I also tried this with a simpler problem in 2D, where getting the scalar 2D rotation angle from von mises is working - in the sense that I can train a NN to do amortized inference and predict the rotation angle.

But swapping ProjectedNormal for von mises and doing the downstream x-y-vector to rotation conversions is giving nans.

I can still train in the 2D case and get good correlation of gt to prediction, but there are all these nans in the svi.step…

Interestingly the nan warnings stop after many epochs, when there is a dip in the loss curve (around 1500 on the x-axis).

Is this related to the variance in the gradient, and would using the ProjectedNormalReparam help?


Ok update, the same thing happens in the 3D case using the quaternions.

Hmm, the nans might be caused by either ProjectedNormal or by the parametrization.
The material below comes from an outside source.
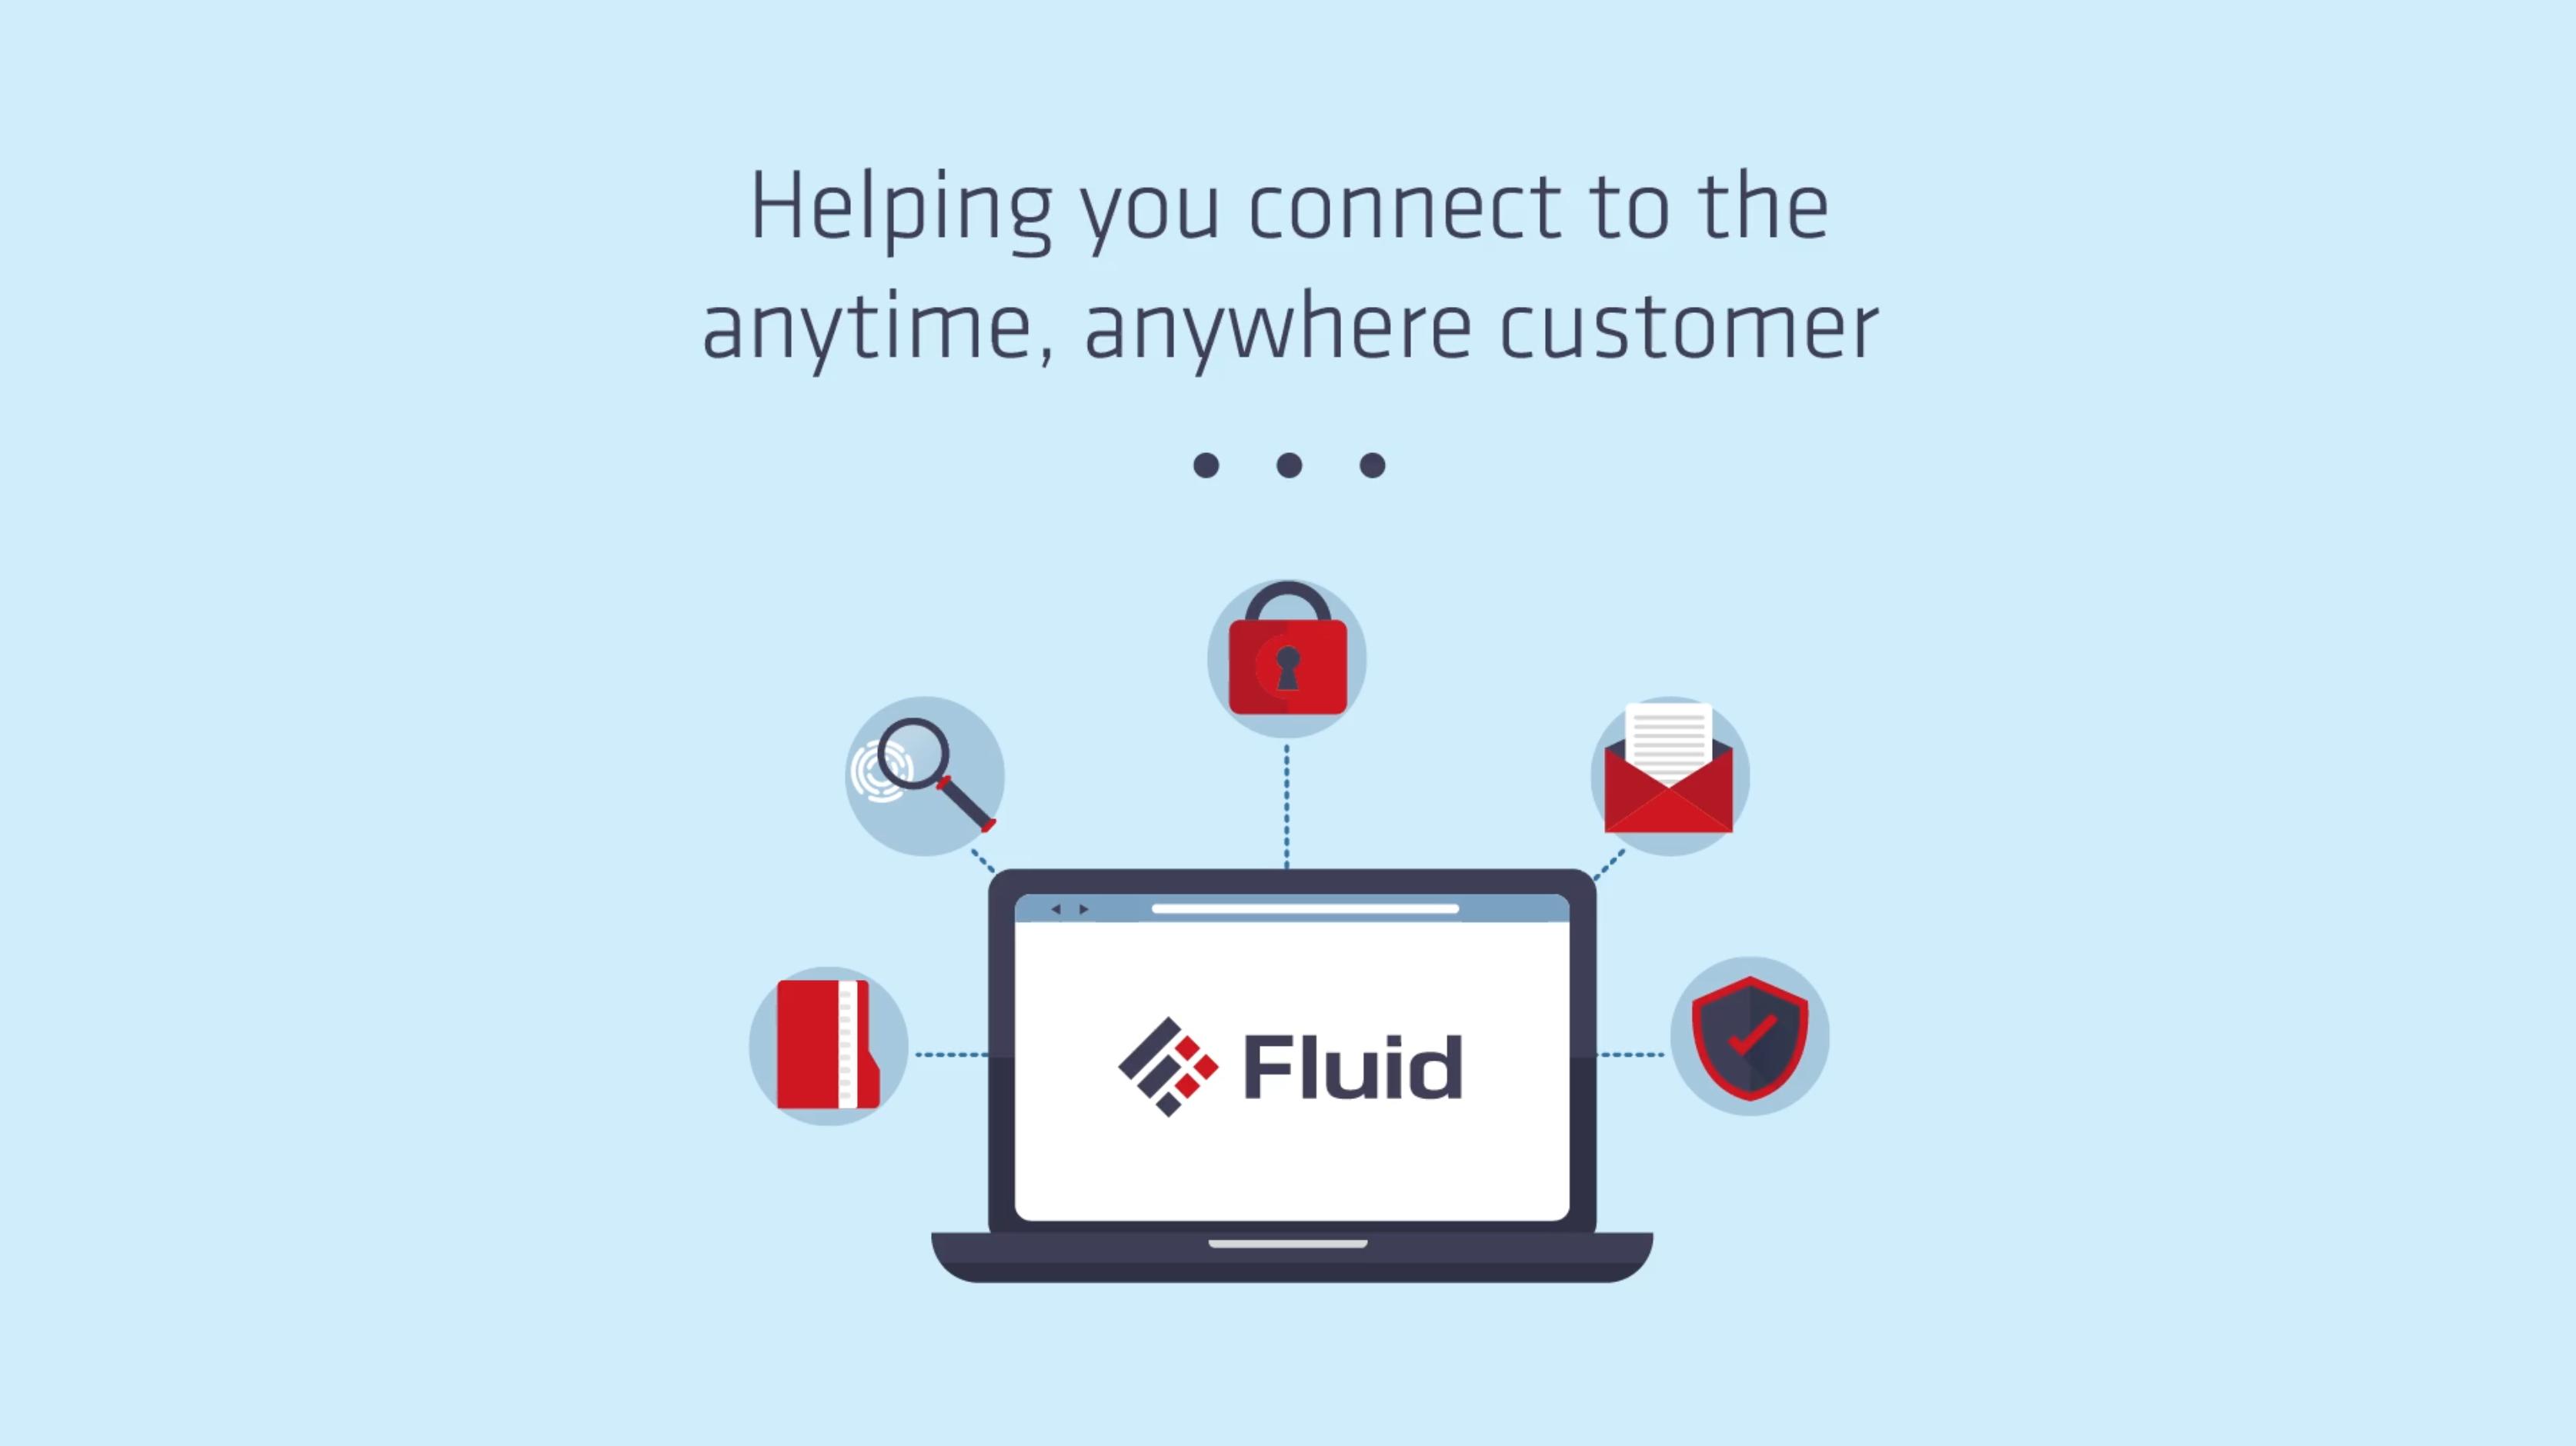 Fluid computer icon
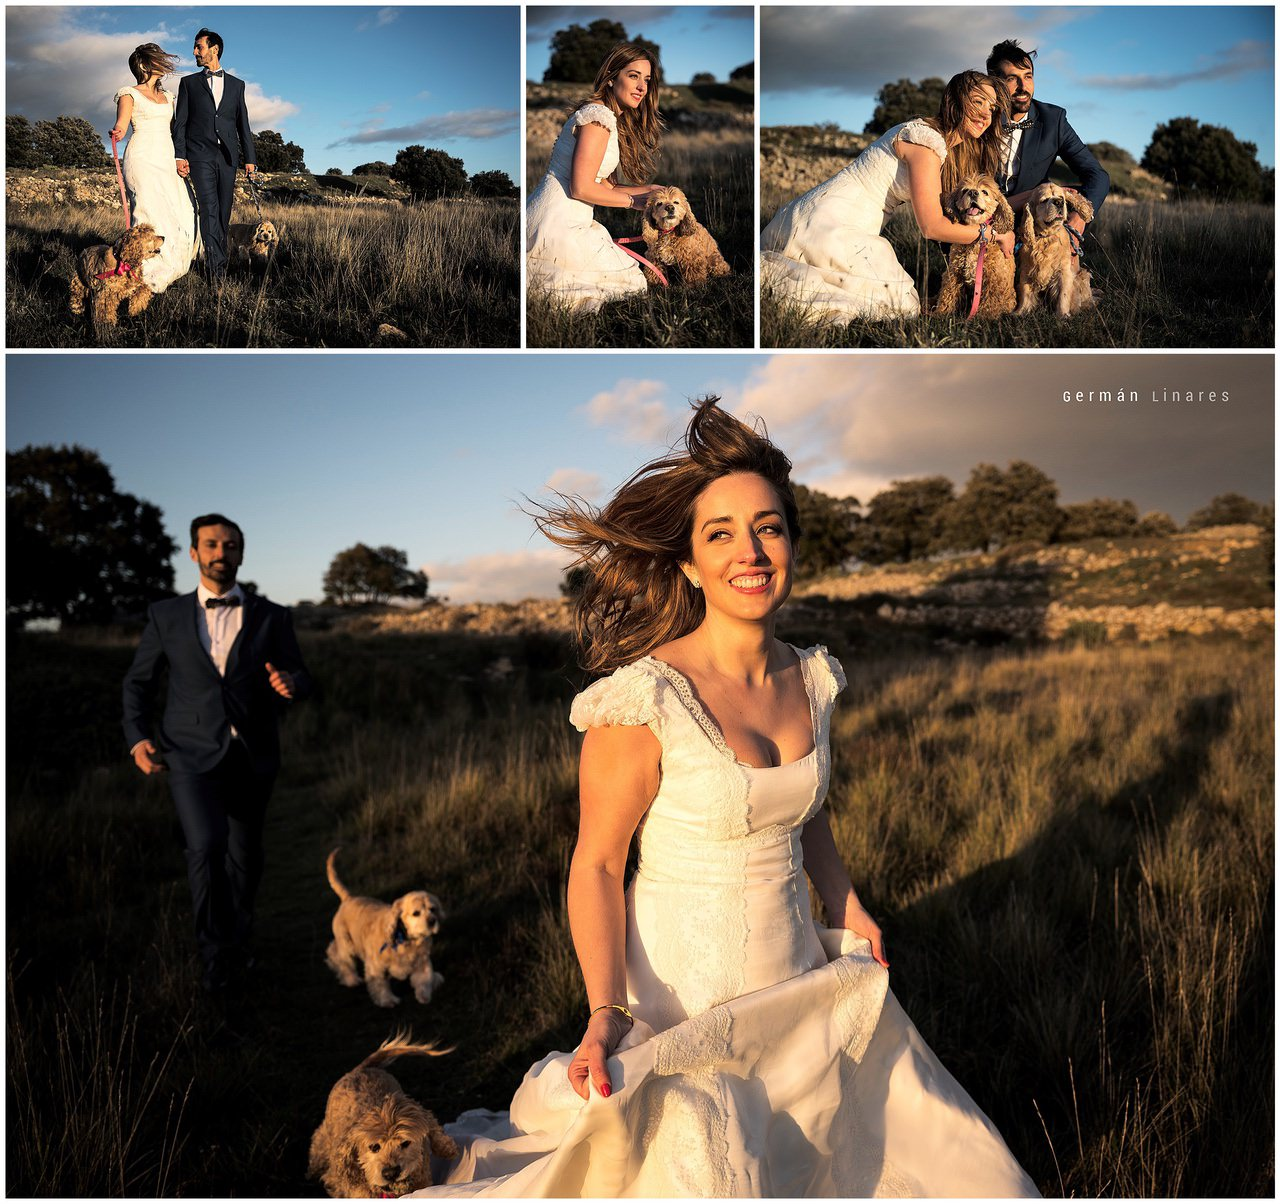 fotografo bodas alcoy noe ramon 4

I’d actually first try directly parametrizing concentration and avoiding the coordinate transforms which can be numerically unstable. I.e. just let your net output concentration directly:

concentration = net(mini_batch)

If you really want to use the transformed parameters, you might consider numerically stabilizing as follows:

  q_loc,log_concentration = lam[:,:4], lam[:,4]
- q_unit_loc = q_loc / q_loc.norm(dim=1).reshape(-1,1)
+ q_unit_loc = q_loc / q_loc.norm(dim=1).reshape(-1,1).clamp(min=1e-20)
- concentration = torch.exp(log_concentration)
+ concentration = torch.nn.functional.softplus(log_concentration)

And note that concentration is real-valued, not positive, so I don’t see how it makes sense to exponentiate it:

concentration = torch.exp(log_concentration)

@geoffwoollard I do not how I have found myself reading this conversation, but if you want to sample unit quaternions to build a rotation matrix you can follow our implementation here: https://github.com/LysSanzMoreta/Theseus-PP/blob/master/SUPERPOSITION.py#L234-L285

We also had some problems with nan values etc, we resolved with the Student-t

I hope I understood correctly what you wanted to do :slight_smile:

1 Like

Hi @geoffwoollard, just checking in, were you able to get this working with the simpler parametrization?

1 Like

Yes. It worked. Very happy with it :slight_smile: